To self-isolate, perchance to write

(Previously published in The Sault Star but still pertinent today)

It’s mostly Shakespeare’s fault.

Those of us in the writing biz cringe when we are told that we should be churning out masterpieces from our COVID isolation instead of scrolling through Facebook, Twitter and Instagram.

Didn’t the Bard of Avon concoct three of his most beloved and respected dramas, King Lear, Macbeth and Antony and Cleopatra, while fleeing the Black Plague? So why are some of us playing Candy Crush all day?

To be fair, just about every time Shakespeare put quill to parchment there was a plague going on. It cropped up intermittently for more than a century in Elizabethan England. 

A bust of Shakespeare sits in a hotel window in Stratford-upon-Avon, following the outbreak of the coronavirus disease. REUTERS/Carl Recine

Whenever an outbreak of the rat-borne disease prevented him from sucking up to sponsors and shilling ticket sales at the Globe Theatre, Will spewed out another masterpiece from his forced confinement.

London was hard hit, but Stratford didn’t escape unscathed.
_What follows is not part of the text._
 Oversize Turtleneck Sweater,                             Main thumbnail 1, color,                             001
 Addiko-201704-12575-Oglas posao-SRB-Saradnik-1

So for Shakespeare, it was a plague on both his houses.

Anyway, in some people’s minds any old pandemic should generate almost as much art as it does death.

Critics might scream that Edvard Munch painted some of his most memorable works during the Spanish Flu.
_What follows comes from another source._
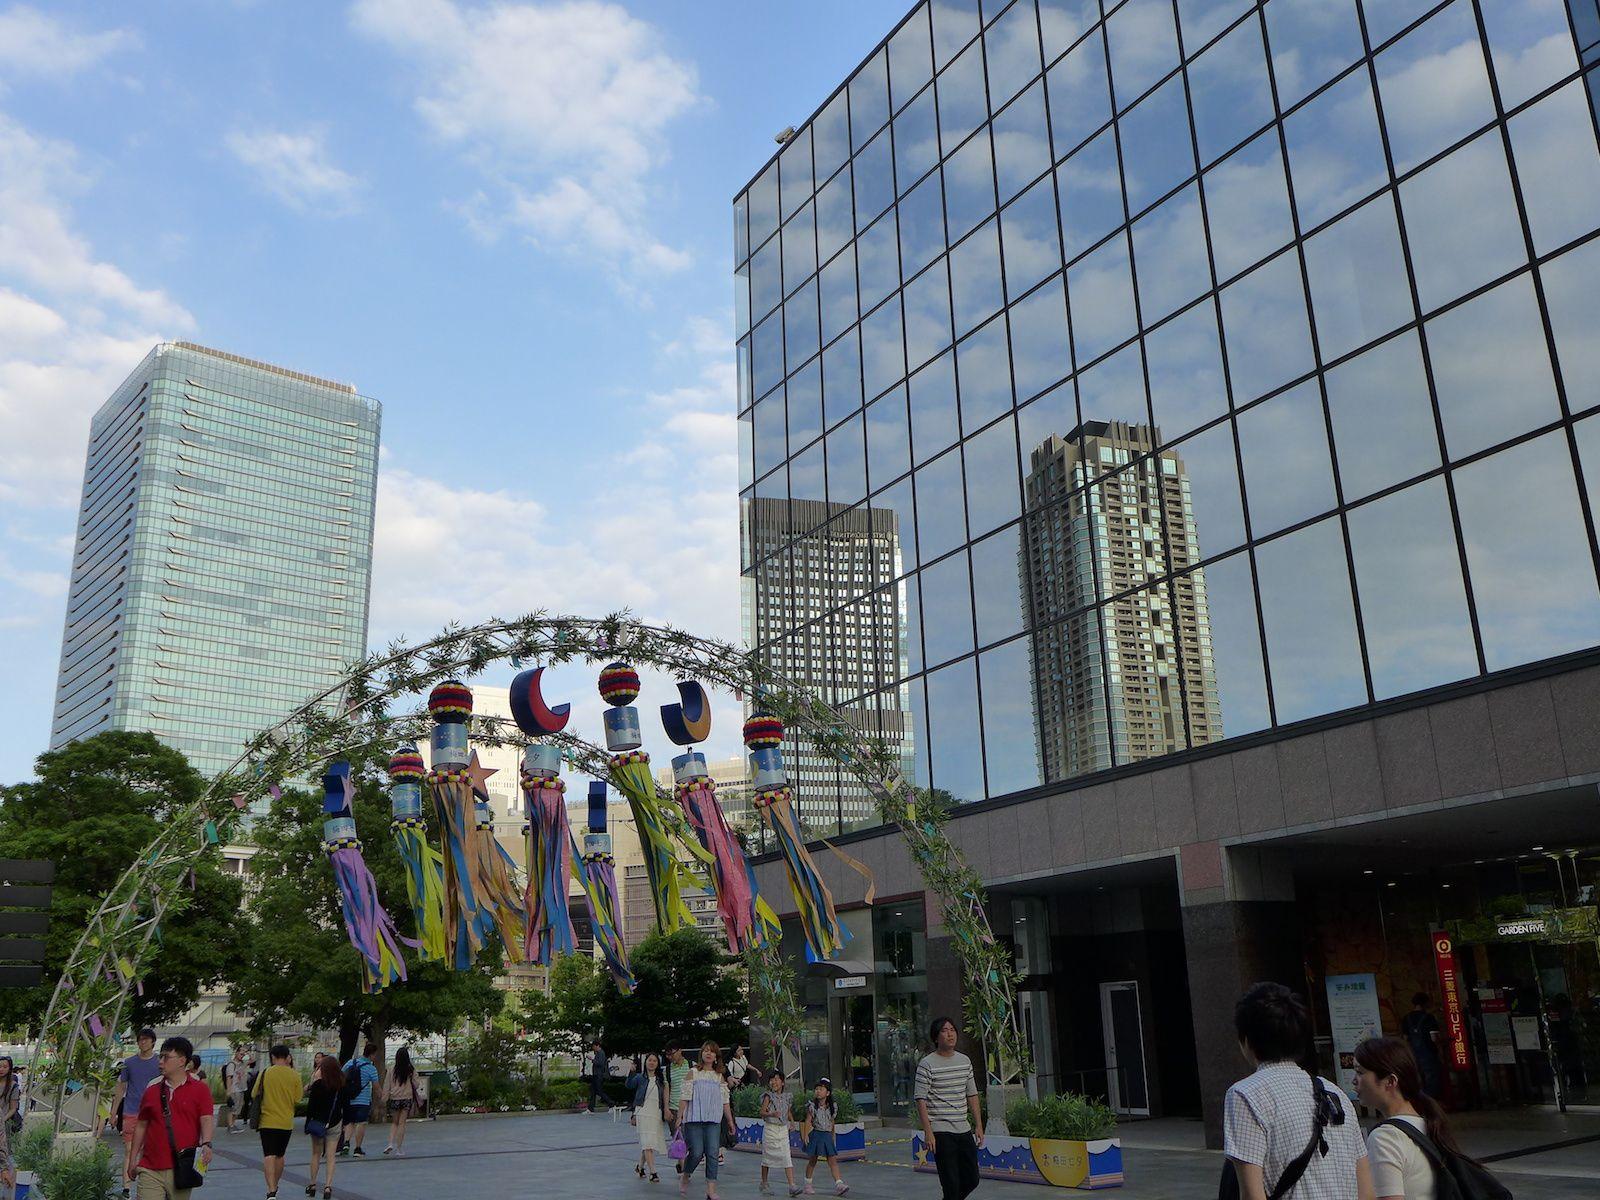 Osaka l'aquarium et Sky tower garden

Or they’ll let it drop that Isaac Newton came up with his theory of gravity during a retreat from the plague. At the same time Newton also invented calculus, a subject I never gave a fig for in high school.

Boccaccio wrote his plague-themed Decameron and Daniel Defoe produced A Journal of the Plague Year while in isolation. 

And so on and so on.

Fair to say most would-be scribblers have more in common with Hemingway, who found himself quarantined with his sick child, his wife and his mistress, and produced nothing but empty liquor bottles.
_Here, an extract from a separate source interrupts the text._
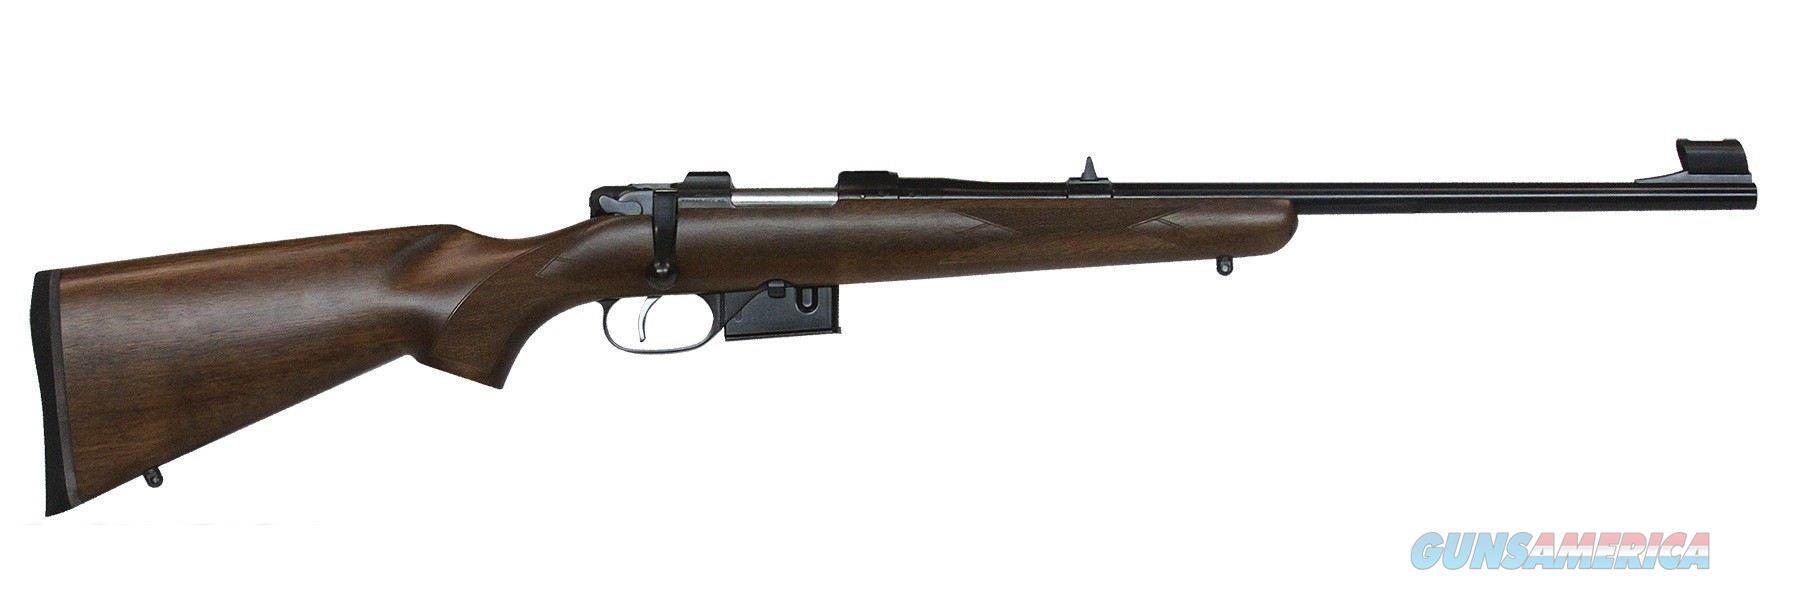 "CZ-USA CZ 527 Youth Carbine .223 Rem 18.5"" 03068   Guns > Rifles > CZ Rifles"

The thing is, people who make writing their full-time job might not even have noticed that there’s quarantining going on. It’s business and life as usual.

For writers, there’s never much more to do during the day but write. Yet because they’re very creative they find lots of other stuff to fill the time.

The only benefit COVID has had for writers is to make their lifestyle more socially acceptable.

Suddenly writers are not the only people with questionable personal hygiene, erratic snacking habits and a tendency to drink before noon. 

Since some writers trend toward weirdness, they rarely find themselves in gatherings of more than five people. So social distancing comes naturally to them.

The rest of the world is also spending inordinate amounts of time revising tweets, spreading conspiracy theories online, choosing our 10 favourite albums and following trails to nowhere on YouTube.

Many a life is passing to the sound of a relentless TikTok.

In this COVID world, a writer’s day-to-day existence doesn’t seem as eccentric as it once did. We have lots of bedfellows in our strangeness.

‘Od’s truth, I’ve been fairly prolific during this time of stasis, chugging out newspaper columns at more than my usual rate.

But as for the other, more “serious” writing to which I sometimes aspire, I’m afraid it has been much ado about nothing.